Shifting trends in investments – and the long-term fears that retirement savers have developed after being burned by the stock market in past years – have led to a significant growth in target-date funds in America's 401(k) accounts, among other diversification measures.
According to 401(k) Plan Asset Allocation, Account Balances and Loan Activity in 2011, a joint study created by the Employee Benefit Research Institute and the Investment Company Institute, nearly three quarters of 401(k) plans offer TDFs as a part of their investment options by the end of 2011, up from 57 percent back in 2006.
And while 61 percent of 401(k) participants' assets were, at the end of 2011, invested in equity securities and 34 percent in fixed-income securities, the percentage of participants taking part in TDFs is on the rise. Stock investments do, however, still form the largest percentage of 401(k) investments nationally.
Recommended For You
By the end of 2011, the study indicates that 39 percent of 401(k) participants were actively invested in TDFs, up from 36 percent a year earlier and only 19 percent in 2006.
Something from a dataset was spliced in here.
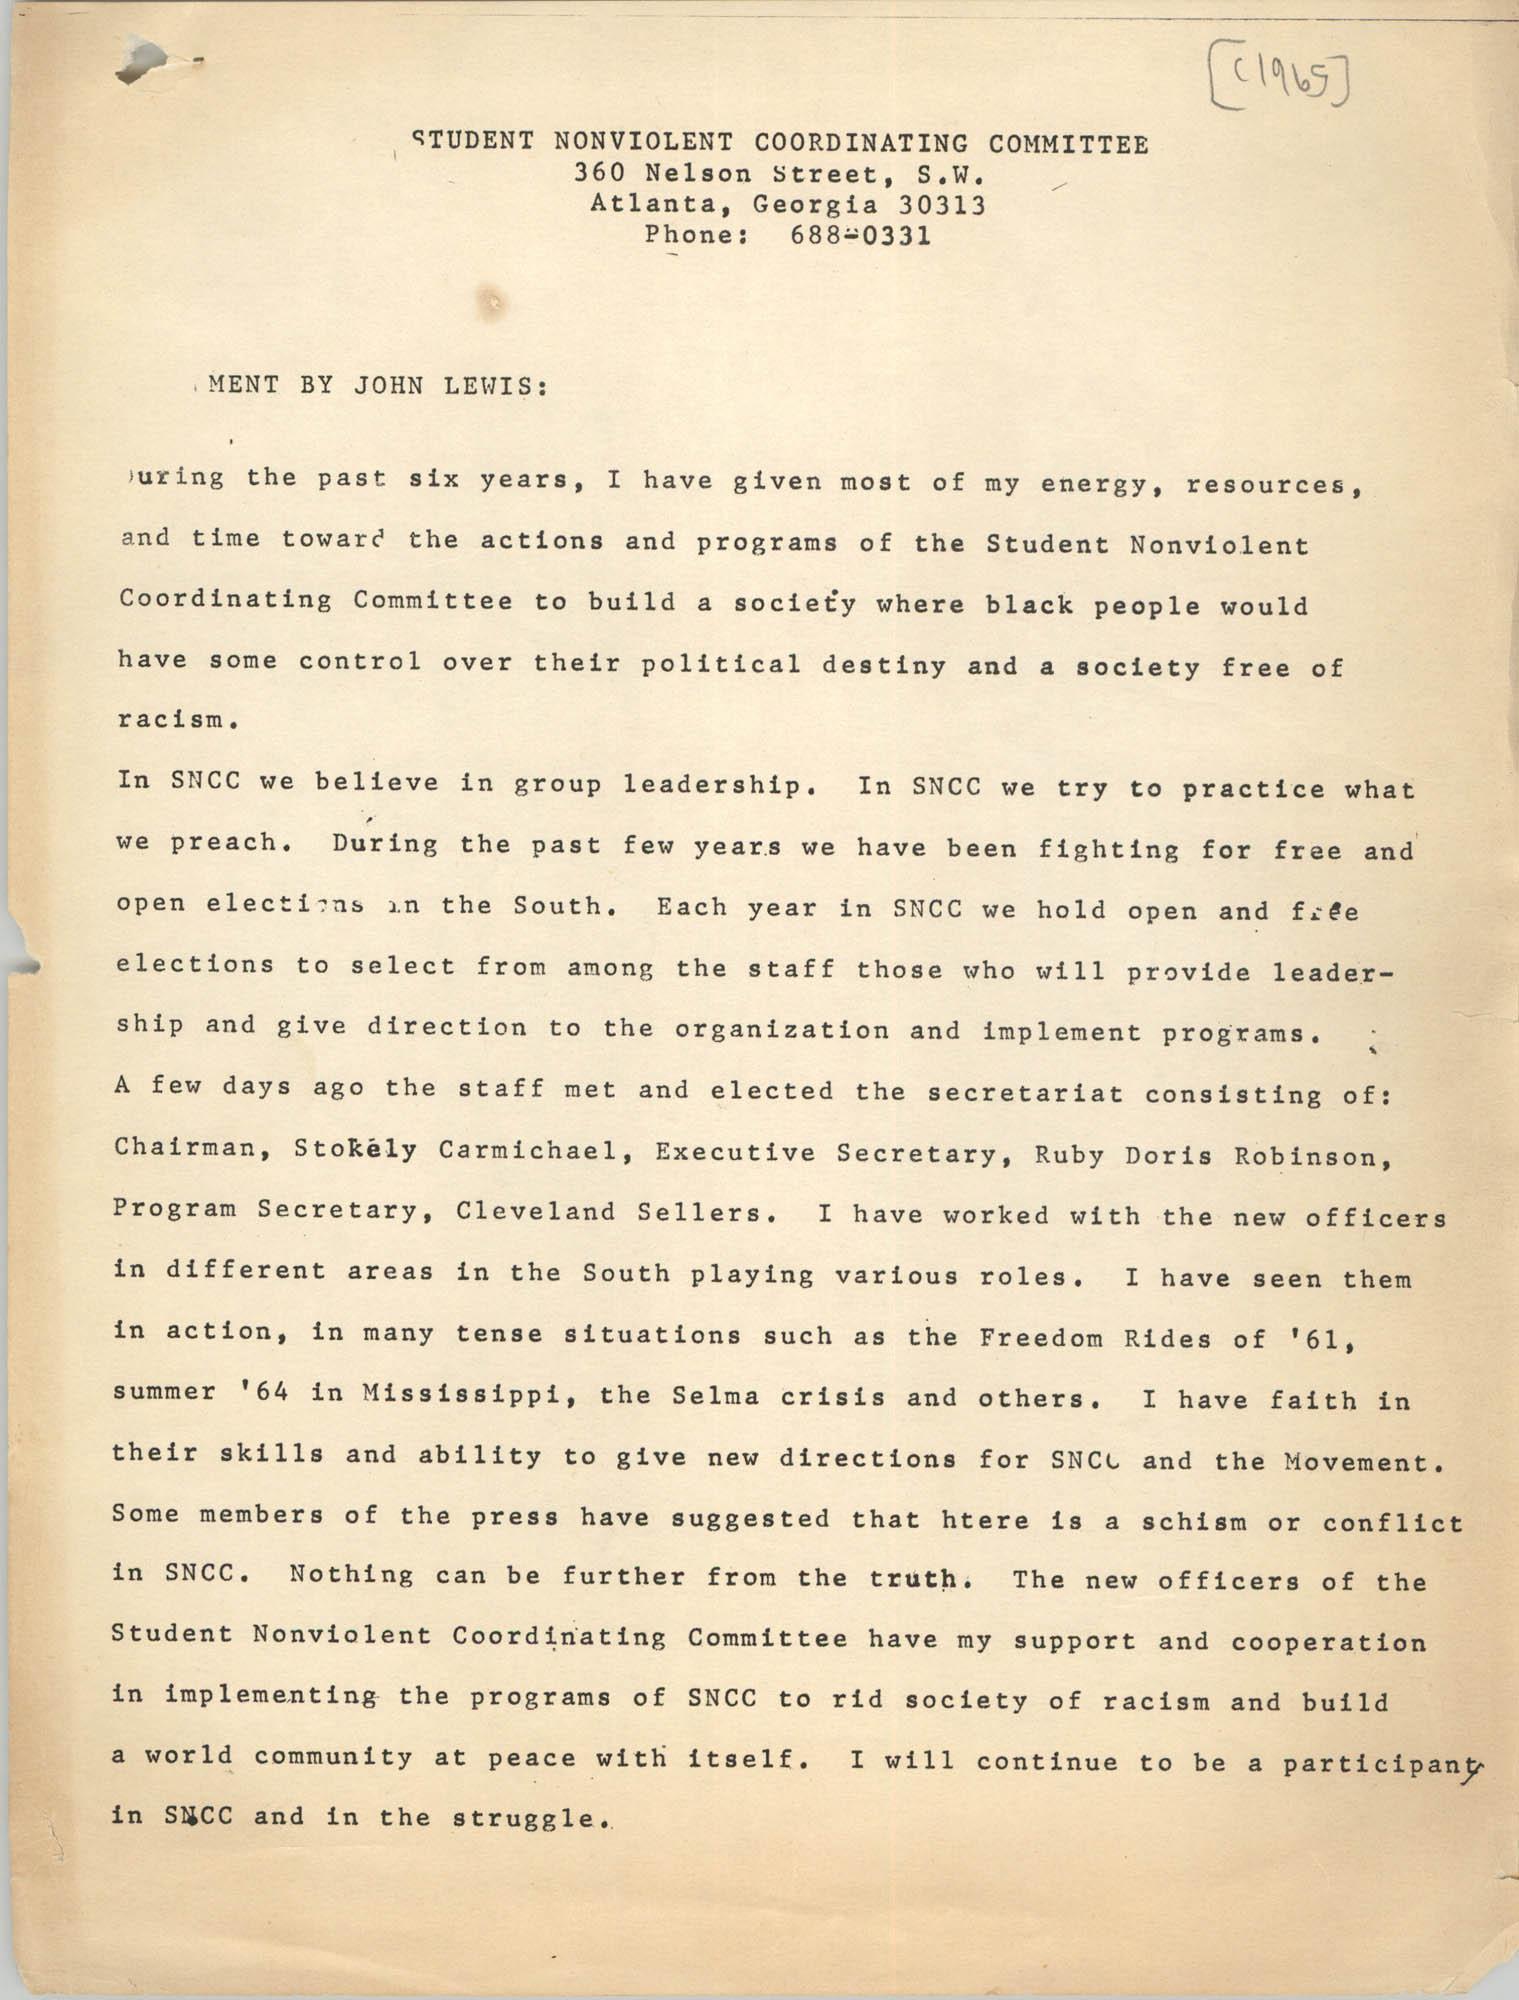 Statement by John Lewis, 1965

At year-end 2011, 13 percent of the assets tracked in the EBRI/ICI 401(k) database was invested in TDFs, up from 11 percent in 2010 and just 5 percent in 2006.
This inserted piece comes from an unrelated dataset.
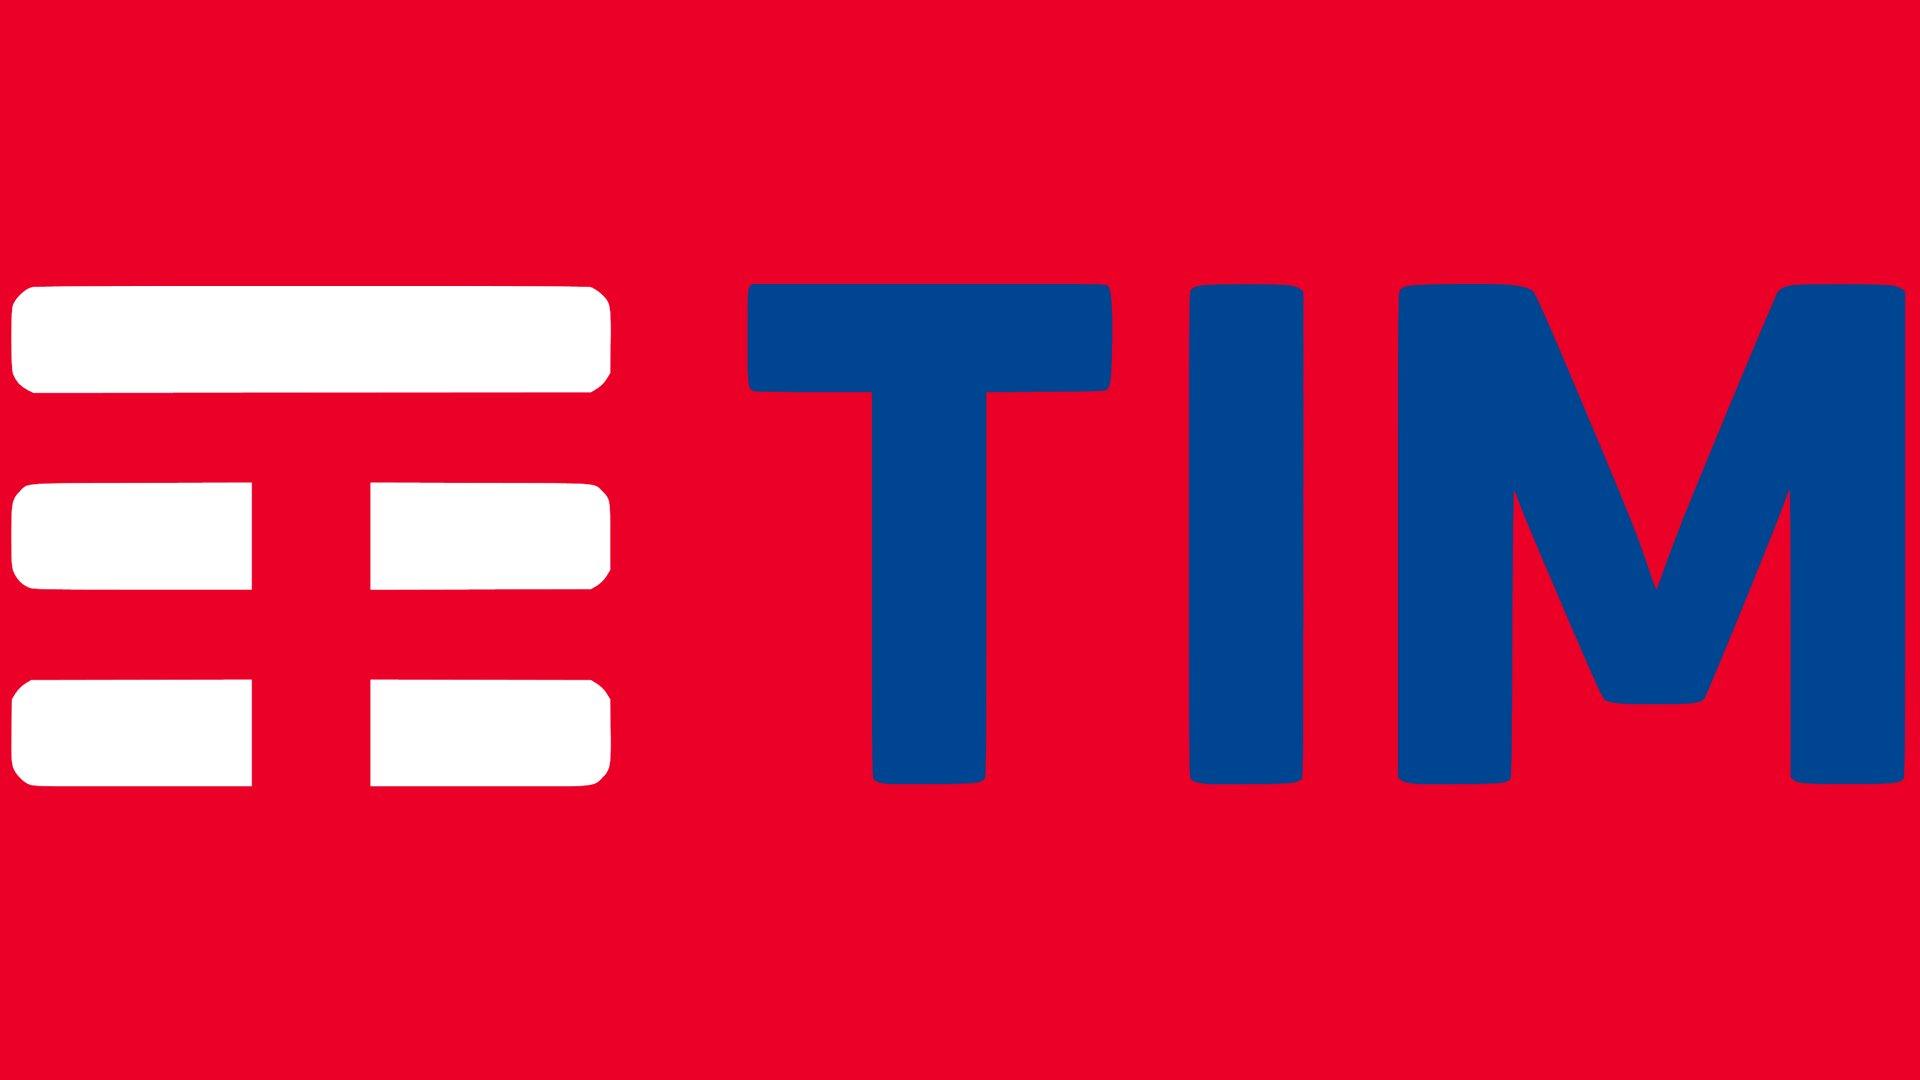 tim logo tim symbol meaning history and evolution

New or recent hires, new to 401(k) plans, are also making the most aggressive use of balanced funds, which include TDF funds. At year-end 2011, more than half of the account balances of new employees in their 20s was in balanced fund accounts, a massive increase from the 7 percent figure recorded back in 1998.
Overall, 401(k) participants are working to diversify their investments, with just 8 percent of holdings invested in company stock at the end of last year – a share that has fallen by more than a half since 1999.
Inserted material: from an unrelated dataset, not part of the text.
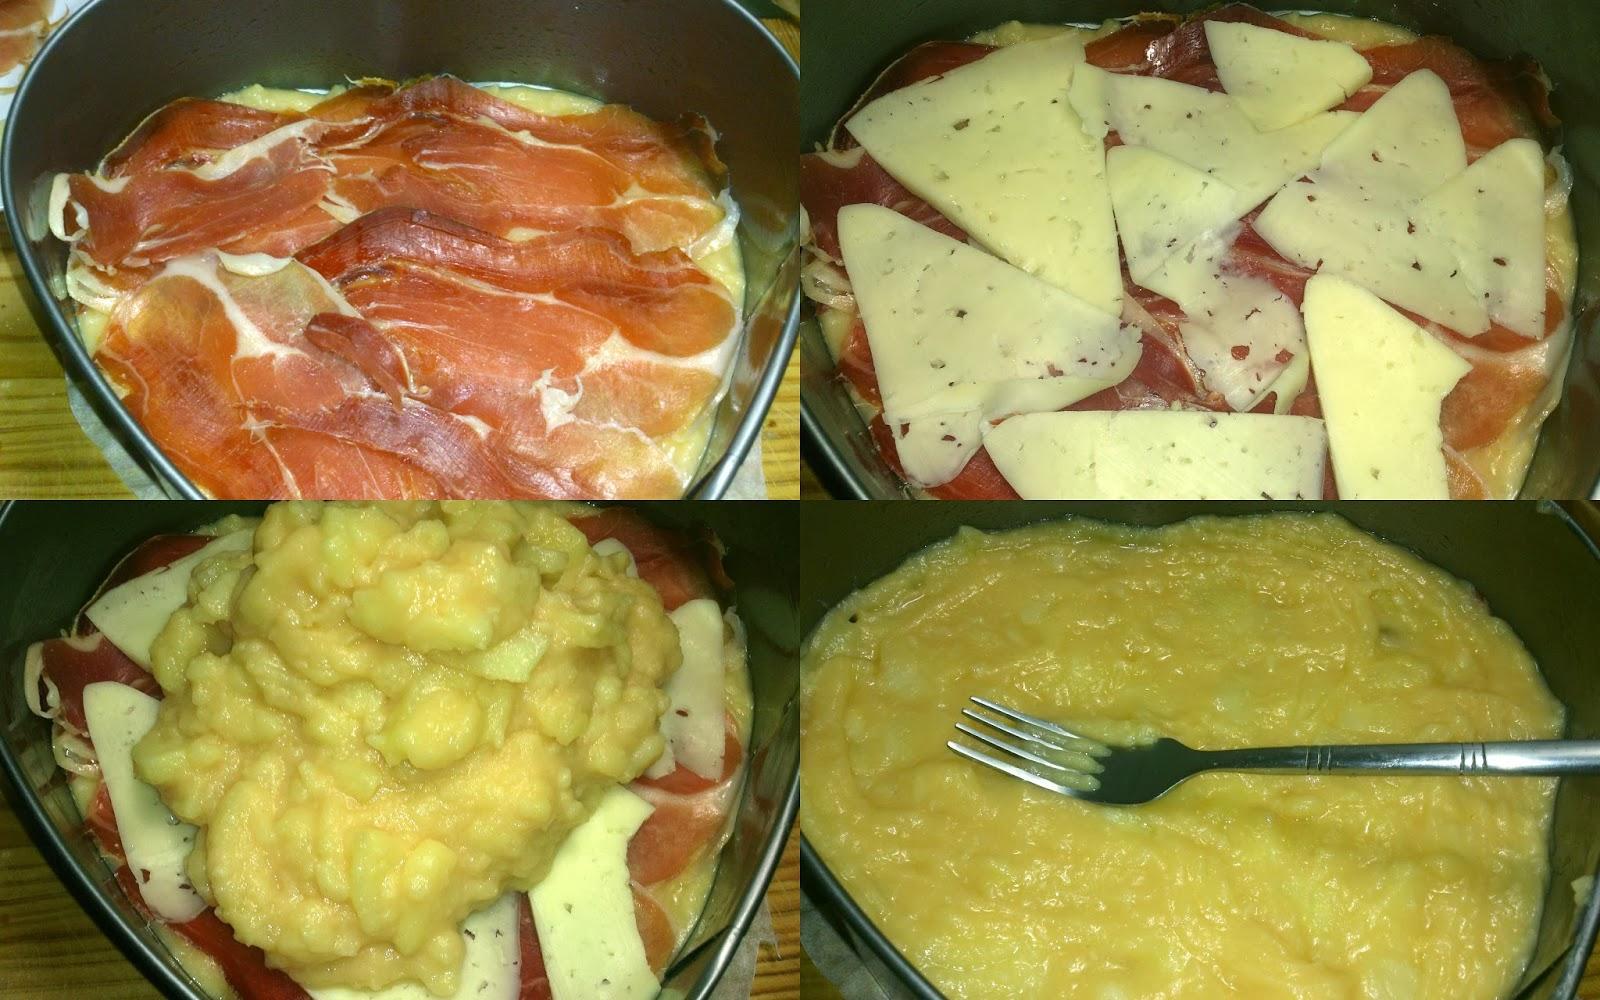 20 bonito cocinar tortilla de patatas fotos lazy blog - Lazy blog cocina ...

"When planning their retirement savings strategy, participants increasingly use tools such as target-date funds, which are designed to offer a mixed investment portfolio of equity and fixed-income securities that automatically rebalances to be more focused on income over time, to get diversification," said Sarah Holden, senior director of retirement and investor research at ICI and coauthor of the study.
"The study's findings highlight that 401(k) participants, particularly recent hires, are opting to diversify their account balances, either actively or as a result of plan design."
Participants have also continued to borrow against their own savings, a trend which blossomed during the worst years of the recent economic downturn. By the end of 2011, 21 percent of the 401(k) participants who were eligible for loans through their service providers had outstanding loans – the same number as it was in both 2010 and 2009.
Outstanding loan amounts represented 14 percent of the remaining account balance of 401(k) accounts, as well.
"A growing number of employers have taken advantage of plan design enhancements such as automatic enrollment, contribution acceleration, and qualified default investment alternatives, including target-date funds, that can help participants make better savings decisions," noted Jack VanDerhei, EBRI research director and coauthor of the study.